Two separate npm supply chain attacks hit within days of each other in July 2026, one compromising a widely used Injective blockchain SDK to steal wallet keys, the other hijacking a security vendor's own package to drop an infostealer. Neither touched a blockchain directly, both went after developer machines instead.

Janet Harrison
· 4 min read · 94 views
Two npm attacks in four days show crypto's weak point is the supply chain

A crypto SDK and a security vendor both got hijacked on npm within days of each other in July 2026. Neither attack touched a blockchain. Both went straight for the developer's machine instead.

On July 8, someone slipped a malicious commit into the GitHub repository behind @injectivelabs/sdk-ts, a TypeScript SDK used to build on the Injective blockchain and pulled roughly 175,000 times a month. The commit came from an account with a real history of contributions to the project, according to Datadog Security Labs, which meant it didn't trip the usual alarm bells. Version 1.20.21 shipped with code hooked into the SDK's wallet functions, PrivateKey.fromMnemonic and PrivateKey.fromHex, the exact functions a wallet calls the moment it needs to turn a seed phrase into a usable key.

That's the moment the malicious code grabbed it.

The theft was disguised as telemetry. Datadog's researchers found that stolen mnemonics and private keys were base64-encoded and stuffed into the X-Request-Id header of outbound HTTP requests, riding alongside what looked like a routine gRPC-web call. No install script triggered it. The code ran at runtime, when a wallet actually derived a key, not when the package installed. That detail matters more than it sounds. Developers who run npm install --ignore-scripts as a defense against supply chain attacks would have installed this package clean and still gotten robbed the first time they used it.

The response was fast. Injective's team caught the bad commit and shipped version 1.20.23 within roughly 49 minutes, according to the company and confirmed by Bleeping Computer. The tainted version had been downloaded 310 times, and it had also auto-propagated into 18 related @injectivelabs packages that pinned the compromised SDK as a dependency, according to StepSecurity. No funds were reported lost. Fifty minutes is not a long window. It was still long enough to reach hundreds of machines.

Then a security vendor got hit too

Three days later, on July 11, the npm package for Jscrambler, a JavaScript obfuscation and security vendor with about 15,800 weekly downloads, started shipping malware. According to Socket.dev and The Hacker News, an attacker used a stolen publishing credential to push version 8.14.0, which carried a preinstall hook wiring in a 7.8MB file disguised as intro.js. It wasn't JavaScript. It was three gzip-compressed native binaries, one each for Windows, macOS, and Linux, and the install script picked the right one, wrote it to a random filename in the temp directory, and launched it detached with its output hidden.
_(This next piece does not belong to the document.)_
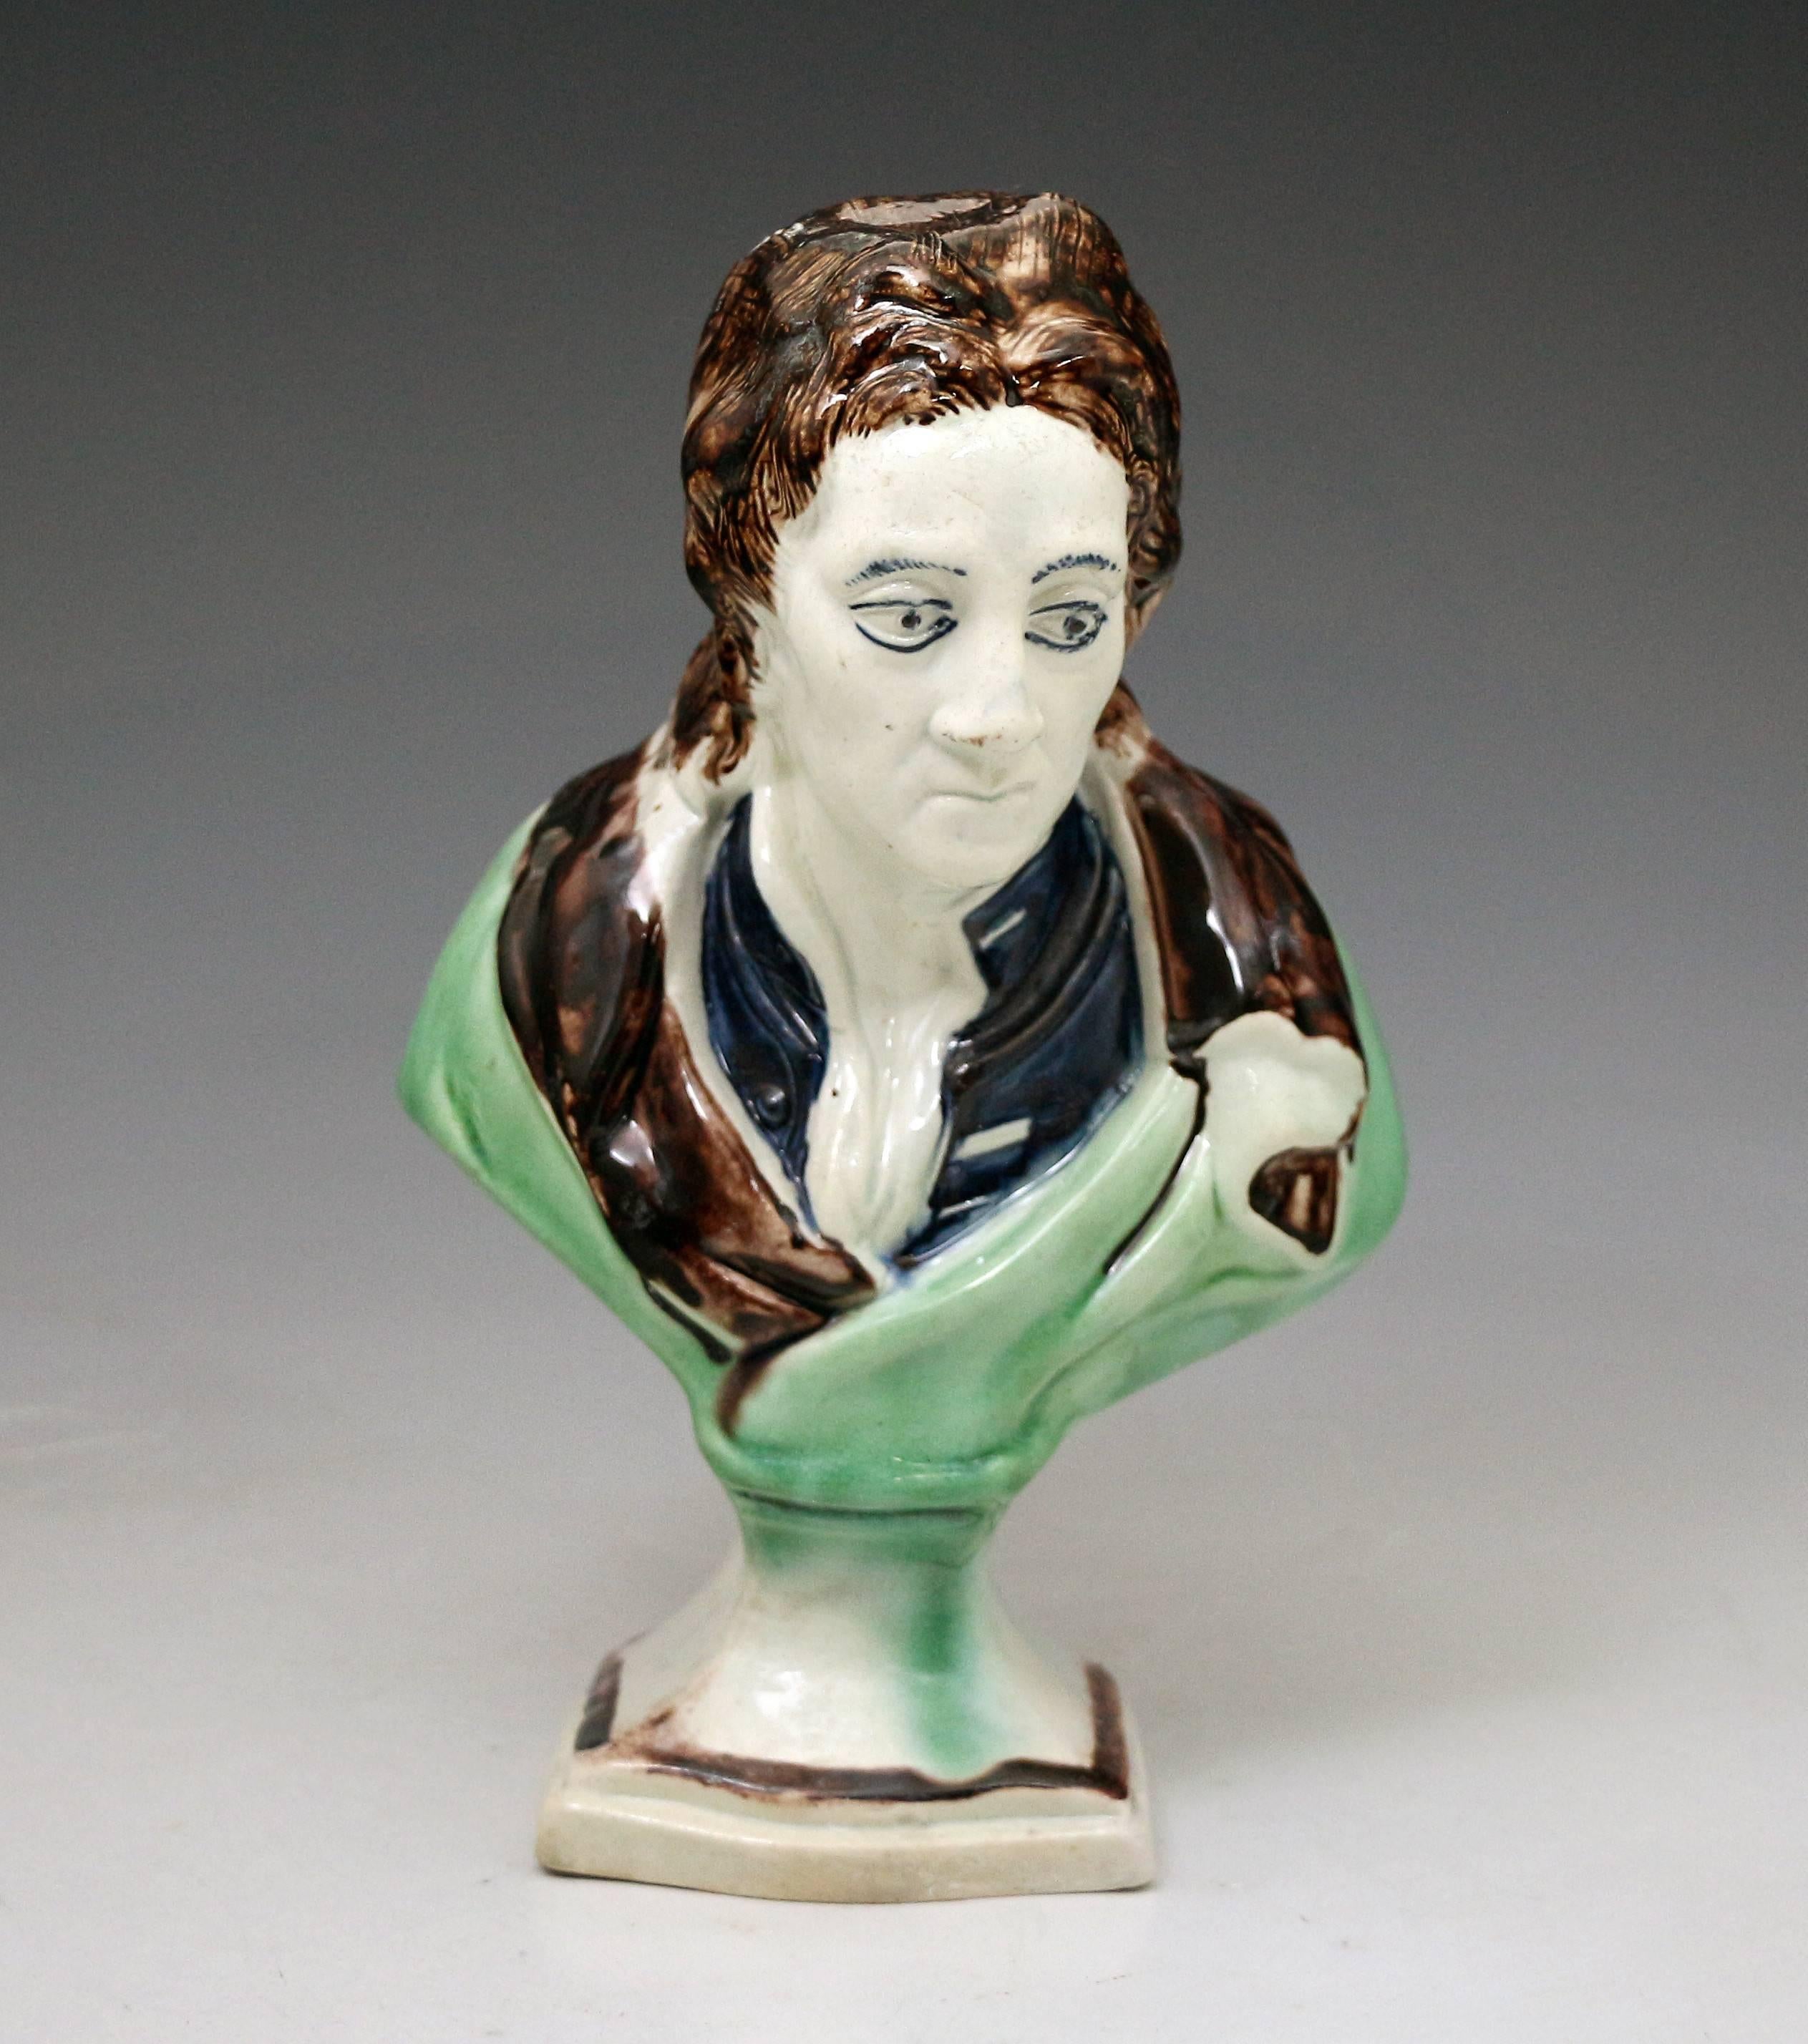 Antique pottery bust in colored glazes in the Ralph Wood fashion of the English poet "John Milton".

The payload, a Rust-compiled infostealer, went after cloud credentials from AWS, Azure, and Google Cloud, npm and GitHub tokens, Bitwarden vaults, and configuration files from AI coding tools including Claude Desktop and Cursor, according to Socket's writeup. Socket flagged the release just six minutes after it hit the registry. That's fast detection. It didn't matter much, because the attacker pushed five malicious releases across three hours before a clean version, 8.15.0, replaced it at the top of the listing. Version 8.14.0 itself was never pulled from npm. Any lockfile still pinned to it keeps installing the stealer today.

The pattern smart contract audits were never built to catch

Put the two incidents side by side and a pattern shows up that smart contract audits were never built to catch. Neither attack exploited a blockchain, a bridge, or a DeFi protocol. Both went after the software supply chain that developers trust by default, the thing you pull in with a single install command and rarely read line by line. And in the Jscrambler case, the company being impersonated by its own package was itself a security vendor, one whose entire business is protecting other people's code.

Attackers are also getting smarter about evasion, not just speed. The Injective breach worked precisely because the theft happened at runtime instead of install time, dodging the --ignore-scripts protection that's become standard advice in dev-tooling circles. Encoding stolen data into an HTTP header instead of a request body is the same instinct: hide the exfiltration inside traffic that looks routine to anyone watching for large or unusual payloads.

Frankly, the lesson from this month isn't that crypto projects need better audits. It's that anyone running npm install on a machine holding real credentials, wallet or otherwise, is trusting a supply chain that a compromised GitHub account or a single stolen publishing token can turn hostile in minutes.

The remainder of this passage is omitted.